- _ABOUT THIS EXERCISE_
When copying the data below, keep only the lines from the one with "Palau de les" through the one with "rear car seat, car", word for word, and skip the pictures.

- _EXERCISE INPUTS_
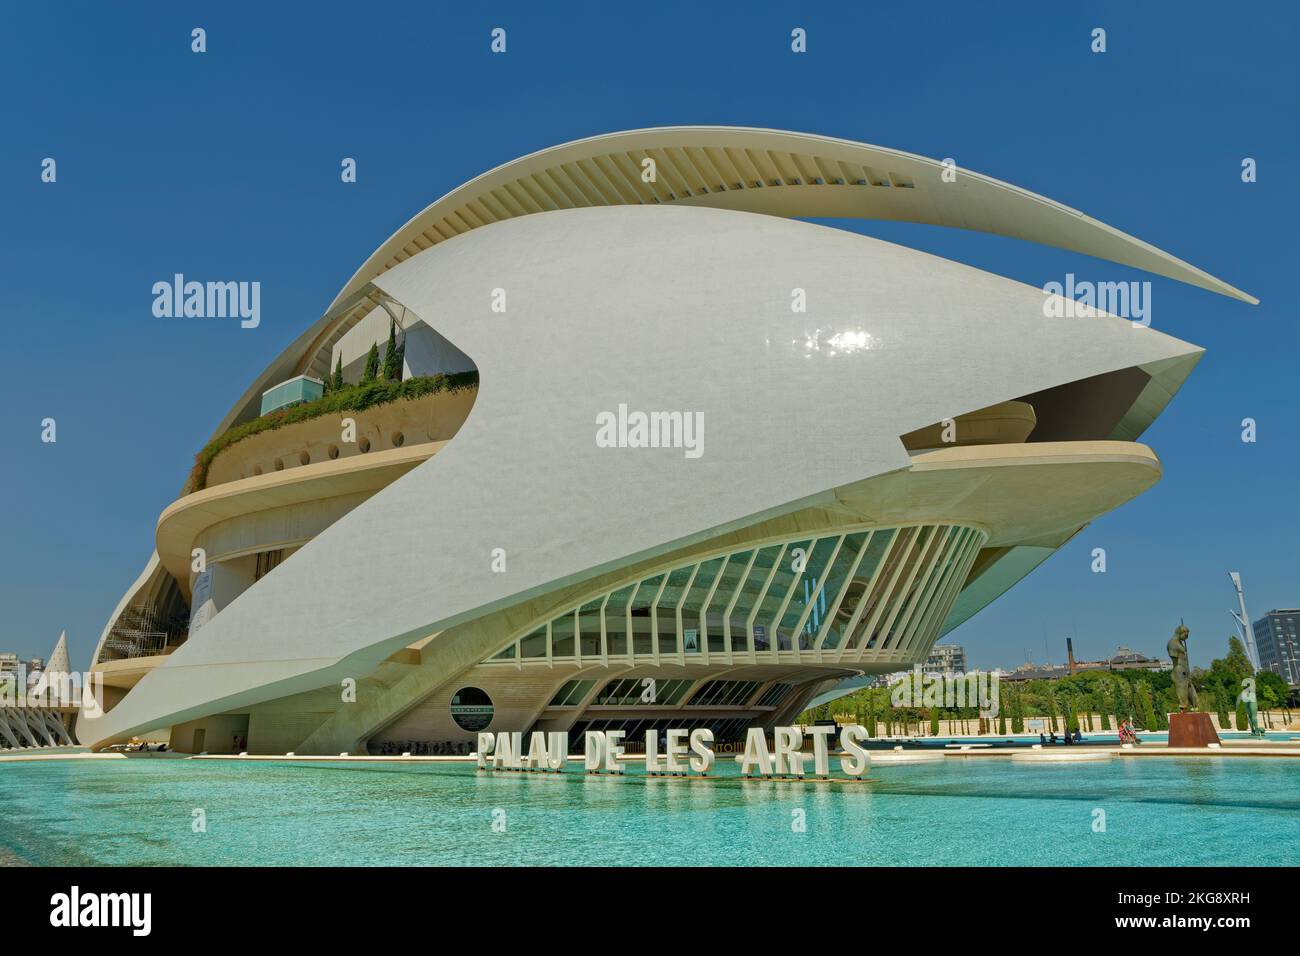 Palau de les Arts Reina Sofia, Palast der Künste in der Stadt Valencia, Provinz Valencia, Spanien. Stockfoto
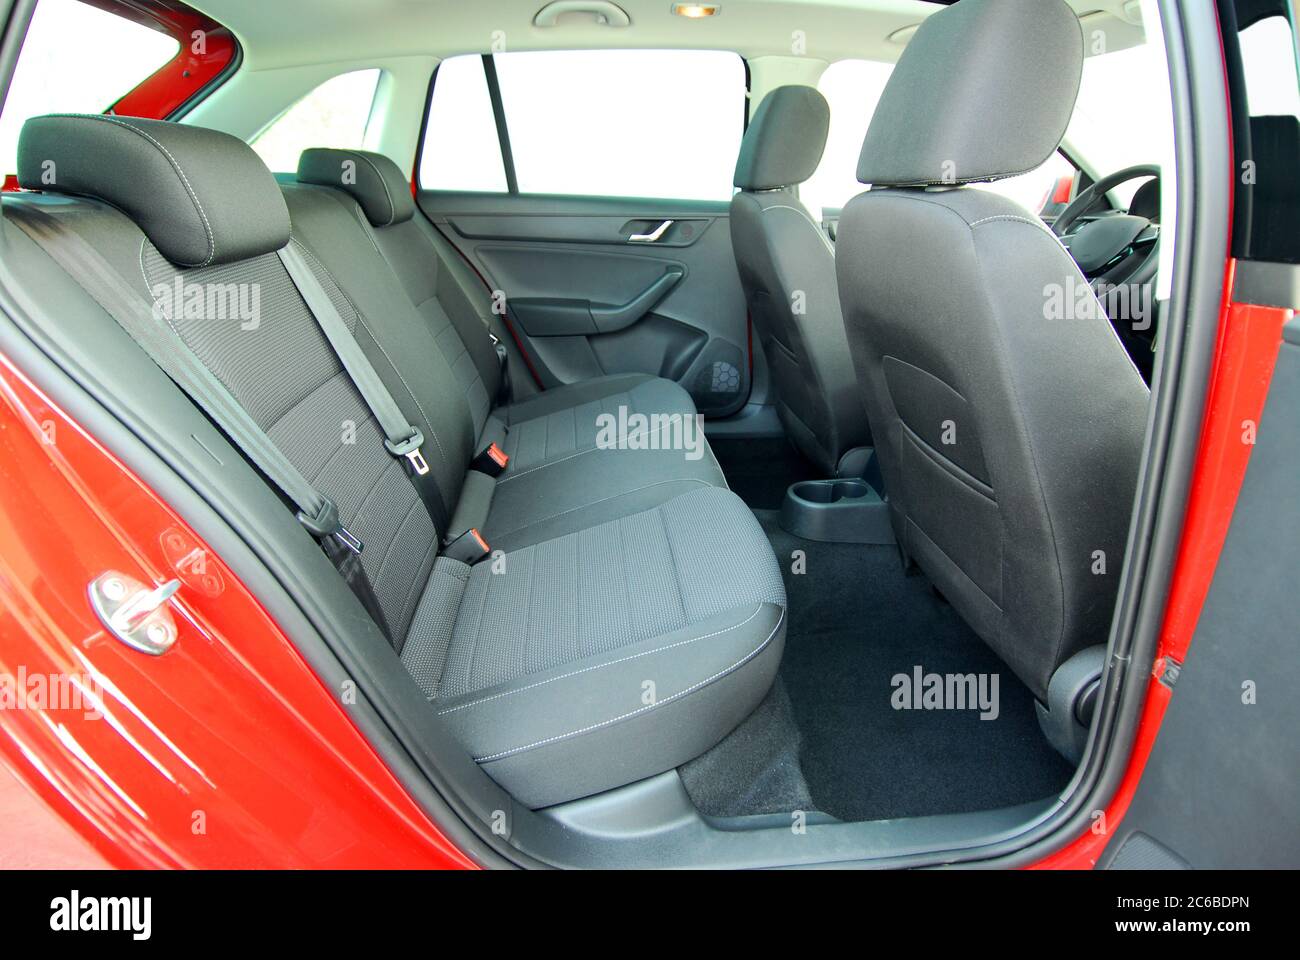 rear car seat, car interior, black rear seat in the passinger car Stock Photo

* * *

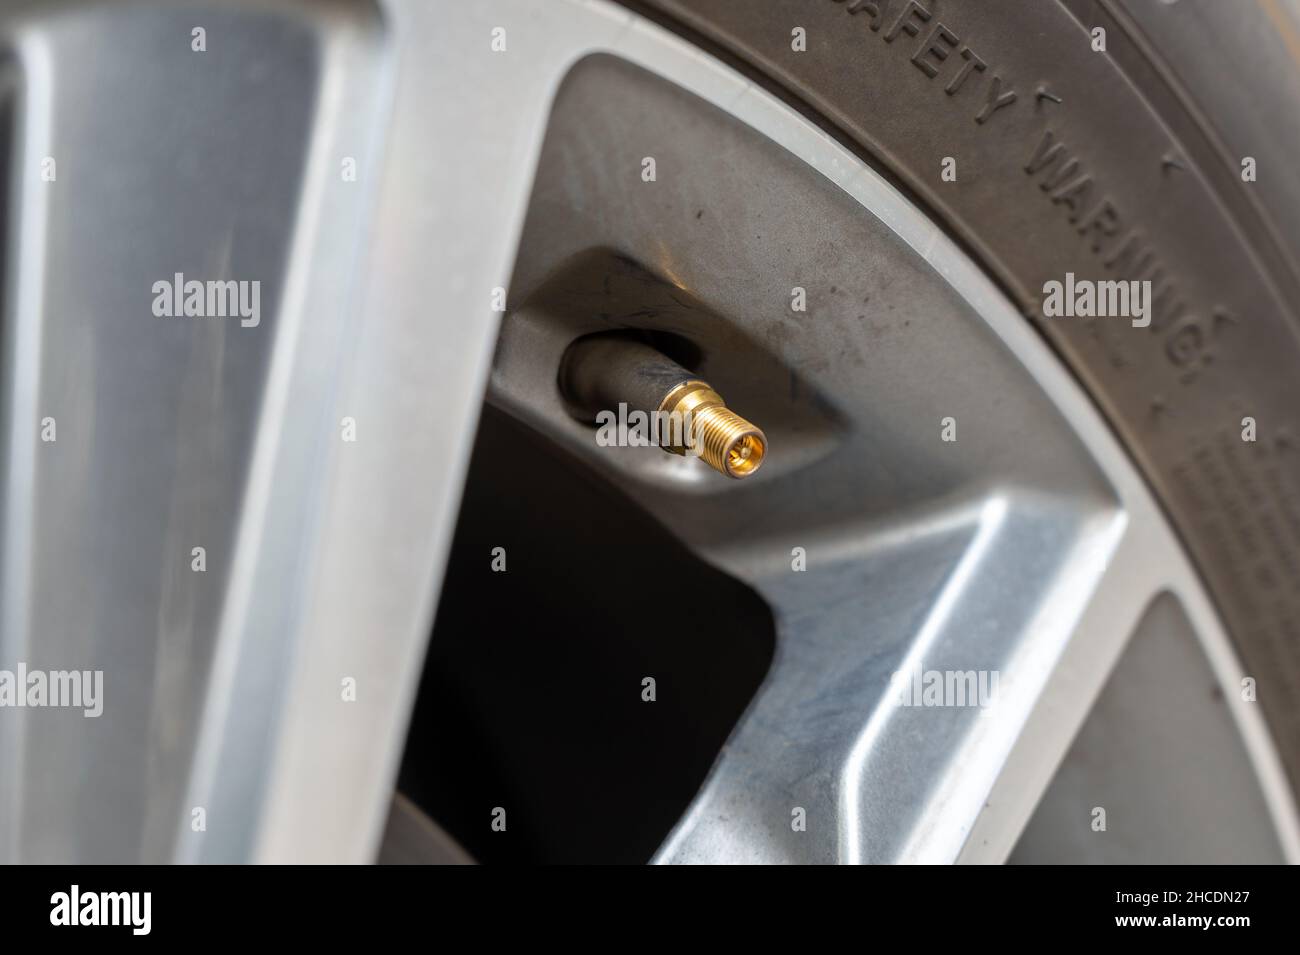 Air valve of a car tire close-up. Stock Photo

- _TASK RESPONSE_
 Palau de les Arts Reina Sofia, Palast der Künste in der Stadt Valencia, Provinz Valencia, Spanien. Stockfoto
 rear car seat, car interior, black rear seat in the passinger car Stock Photo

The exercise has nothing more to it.